Oscar recuerda especialmente una peña en Madrid, donde el público español cantaba con emoción “Zamba de mi esperanza” y hasta “Póngale por las hileras”. Para él, ese amor europeo por el folklore cuyano tiene raíces profundas en el legado de don Hilario Cuadros y Los Trovadores de Cuyo.

Su inspiración musical nació escuchando los viejos long play de Los Cantores del Quilla Huasi que sonaban constantemente en su casa familiar. Allí aprendió chamamé, tango, milongas y folklore. Aunque el folklore fue siempre su raíz más fuerte, Oscar nunca dejó de explorar otros géneros. Los boleros también ocupan un lugar especial en su corazón y en sus últimas producciones musicales.

Actualmente continúa activo, compartiendo su música a través de YouTube, donde tiene más de 100 canciones publicadas y una enorme comunidad de seguidores y amigos que reconocen su trayectoria.

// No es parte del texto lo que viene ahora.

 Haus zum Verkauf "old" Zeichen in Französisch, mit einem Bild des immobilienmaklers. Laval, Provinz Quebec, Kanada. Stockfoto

Más allá de los escenarios y los premios, Oscar se emociona al hablar de su familia: sus tres hijos, Nicolás, Walter y Georgina Gabriela, y sus seis nietos, quienes heredaron también el amor por la música.

Con humor suele decir: “Aprendí música para no trabajar”, aunque rápidamente reconoce el enorme sacrificio que implica vivir del arte. Por eso, durante muchos años complementó la música con otros trabajos, entre ellos como cortador de carne, oficio heredado de su padre y su abuelo en el histórico Mercado Domínguez.

Pero si hay un lugar que permanece intacto en su memoria y en su corazón, ese es Montecaseros. Allí vivió en Tres Esquinas, cursó la primaria en la Escuela Patria y construyó amistades que conserva hasta hoy.

“Montecaseros es lo más bello, siempre quiero volver”, expresa con emoción.

Junto a su amigo Alfredo compuso el vals “Regreso”, dedicado a Montecaseros, una canción que los vecinos consideran prácticamente un himno y patrimonio cultural de la zona.

La historia de Oscar Domínguez es la de un hombre que nació rodeado de música y convirtió ese amor en una vida entera de escenarios, guitarras y canciones. Un artista que nunca olvidó sus raíces y que sigue llevando el alma cuyana a cada rincón donde suenan sus acordes.